Results Analysis: Compared to the SAR method, we observe that DOTA exhibits comparable robustness to imbalanced data streams, while demonstrating superior classification performance. In comparison with the TDA method, DOTA exhibits stronger robustness to imbalanced data streams (with a performance difference of only 0.29% between α=0.1 and α=1, whereas TDA shows a difference of up to 1.04%). Furthermore, we believe that appropriately modifying and applying methods like SAR to pre-trained models such as CLIP is an interesting direction, which we leave for future work.
| Method | α | Slice 1 | Slice 2 | Slice 3 | Slice 4 | Slice 5 | Slice 6 | Slice 7 | Slice 8 | Slice 9 | Slice 10 | Ave |
|---|---|---|---|---|---|---|---|---|---|---|---|---|
| SAR | 0.1 | 69.19 | 68.86 | 67.91 | 68.01 | 68.42 | 68.28 | 68.56 | 68.67 | 68.57 | 68.78 | 68.54 |
| SAR | 0.5 | 68.32 | 68.48 | 69.23 | 69.35 | 69.09 | 68.77 | 68.68 | 68.71 | 68.9 | 68.76 | 68.83 |
| SAR | 1 | 67.09 | 68.21 | 68.7 | 68.2 | 68.27 | 68.22 | 68.52 | 68.68 | 68.65 | 68.81 | 68.57 |
| TDA | 0.1 | 66.9 | 67.25 | 67.53 | 68.16 | 68.89 | 68.77 | 68.79 | 69.18 | 69.23 | 69.3 | 68.44 |
| TDA | 0.5 | 68.7 | 68.64 | 69 | 69.21 | 69.12 | 69.14 | 69.01 | 69.06 | 69.43 | 69.55 | 69.12 |
| TDA | 1 | 69.16 | 69.6 | 69.47 | 69.65 | 69.47 | 69.64 | 69.53 | 69.3 | 69.48 | 69.48 | 69.48 |
| DOTA | 0.1 | 69.99 | 69.31 | 67.34 | 70.23 | 71.49 | 68.8 | 73.13 | 70.35 | 69.89 | 72.39 | 70.39 |
| DOTA | 0.5 | 68.74 | 69.32 | 72.17 | 71.27 | 69.97 | 69.8 | 70.3 | 70.78 | 72.48 | 70.78 | 70.61 |
| DOTA | 1 | 67.33 | 70.29 | 70.92 | 68.43 | 69.85 | 71.14 | 72.03 | 72.52 | 71.29 | 71.66 | 70.68 |
[1] Towards Stable Test-Time Adaptation in Dynamic Wild World
Dear Reviewer,
Thank you for your valuable feedback. In our author response, we have provided a detailed response to your concerns and questions.
We hope our response addresses your concerns and would be happy to discuss any follow-up questions you may have.
Thank you again for your time and effort!
I have no more questions. Thanks for the response. I maintain my score.
Dear Reviewers,
Please go through the author rebuttal and clarifications and let the authors know if you have any remaining concerns, so that they are able to respond timely. If the response is satisfactory, mention that too.

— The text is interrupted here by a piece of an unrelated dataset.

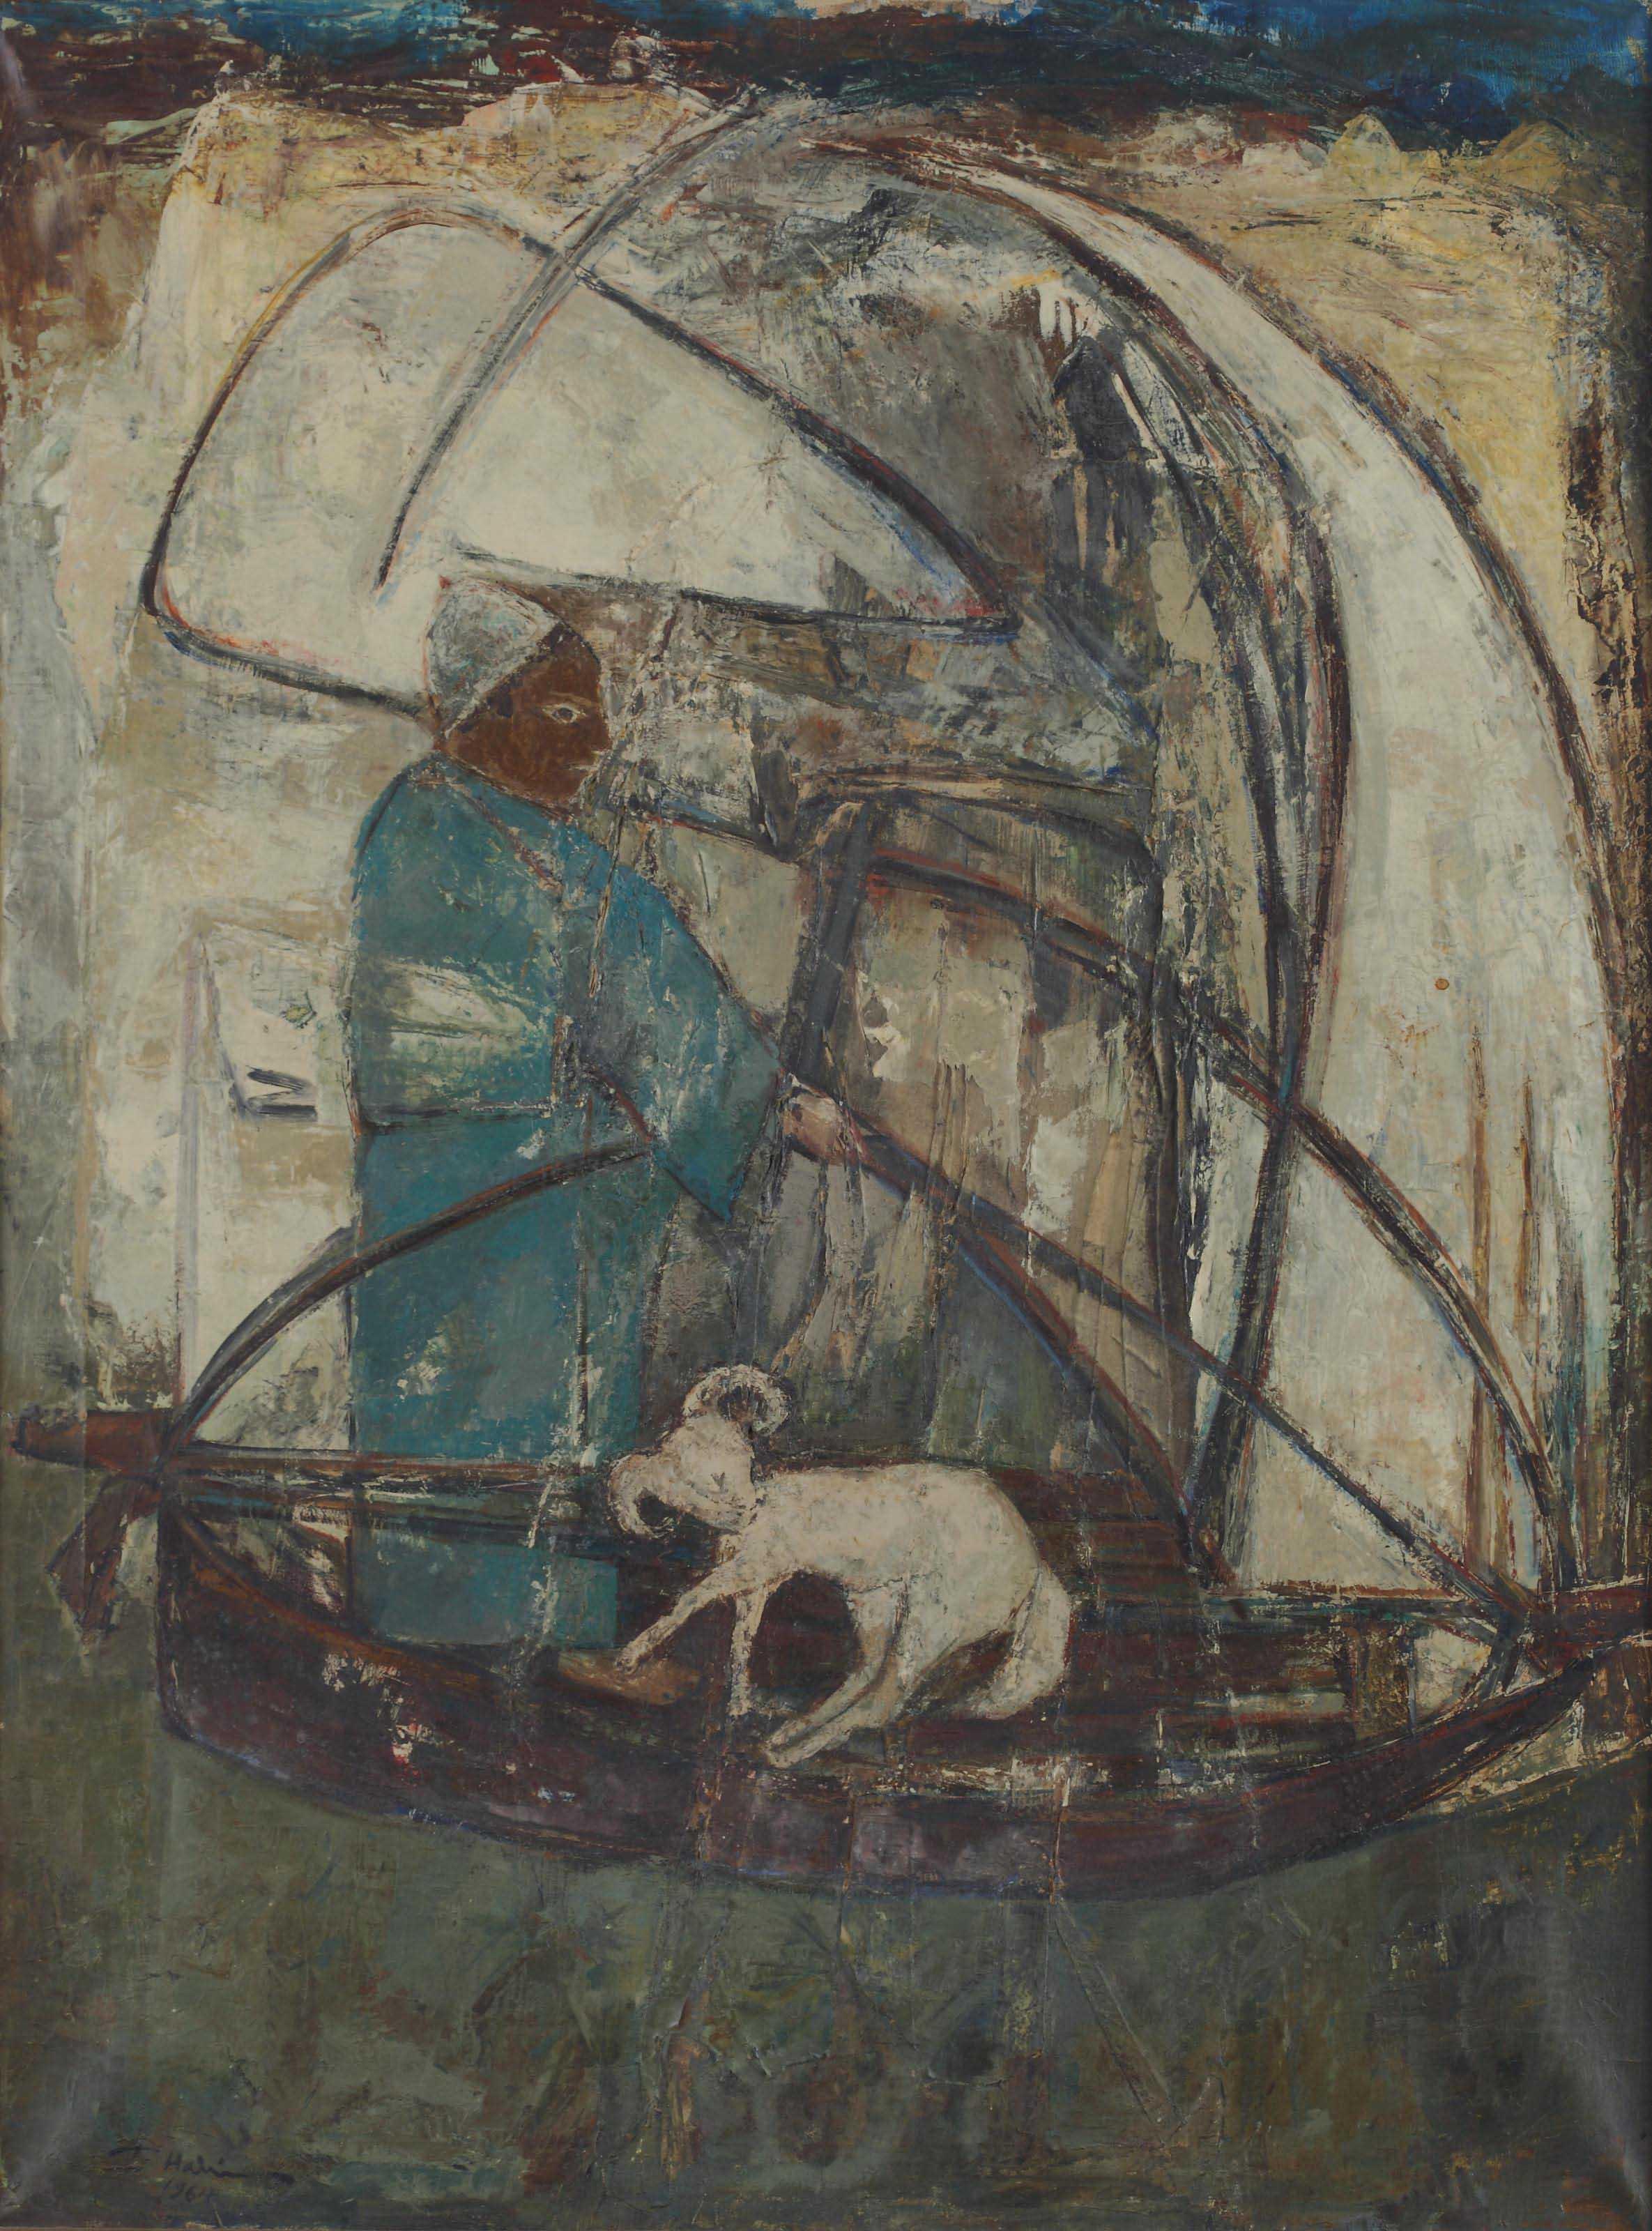 Al Murakibi (The Boatman)

Also, please complete the Mandatory Acknowledgement only after the discussion.
Thanks, AC
Dear AC and reviewers,
We would like to express our sincere gratitude to the reviewers for their valuable feedback and insightful discussions. We are also very grateful to the Area Chair for organizing the review and discussion phase. During the discussion, we have addressed all the questions raised by the reviewers, and the corresponding revisions will be incorporated into the final version of our manuscript. We find that all reviewers have confirmed that they have no further questions or concerns and have a clear understanding of our contributions.

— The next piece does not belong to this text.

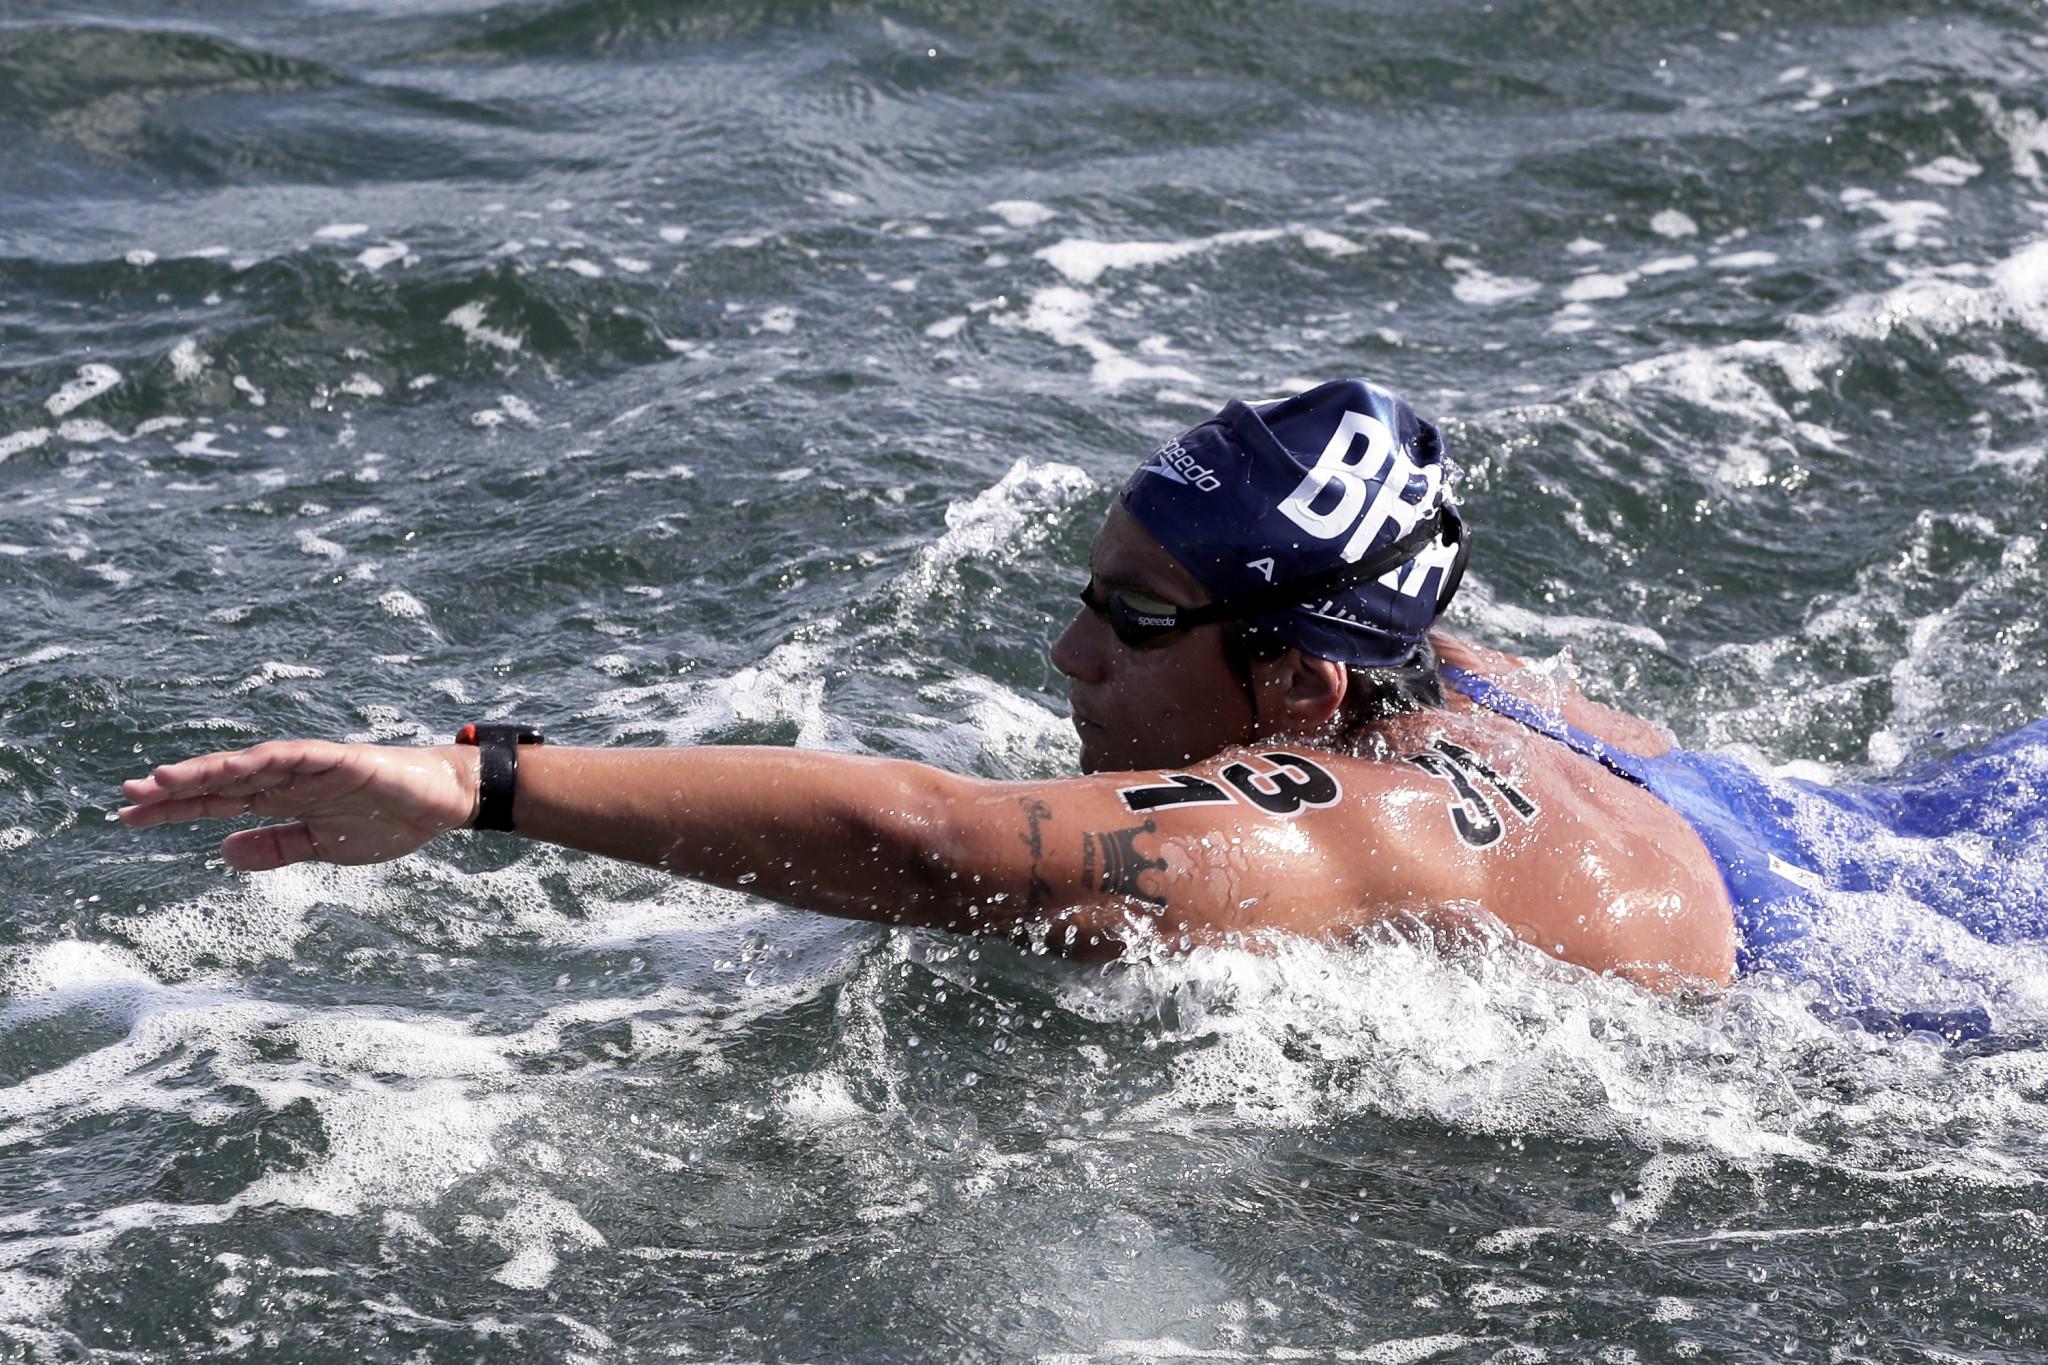 Cunha pips Cassignol at season-opening Marathon Swim World Series race

Thank you again for your time and guidance throughout this process.
Sincerely
This paper presents DOTA, where a vision-language foundation model (e.g., CLIP) is adapted to address distribution shifts during test time by continuously estimating the underlying test data distribution. The reviewers appreciated the motivation of the approach, its performance and extensive evaluation. All the concerns have been satisfactorily addressed in the author response. So the recommendation is to accept the paper.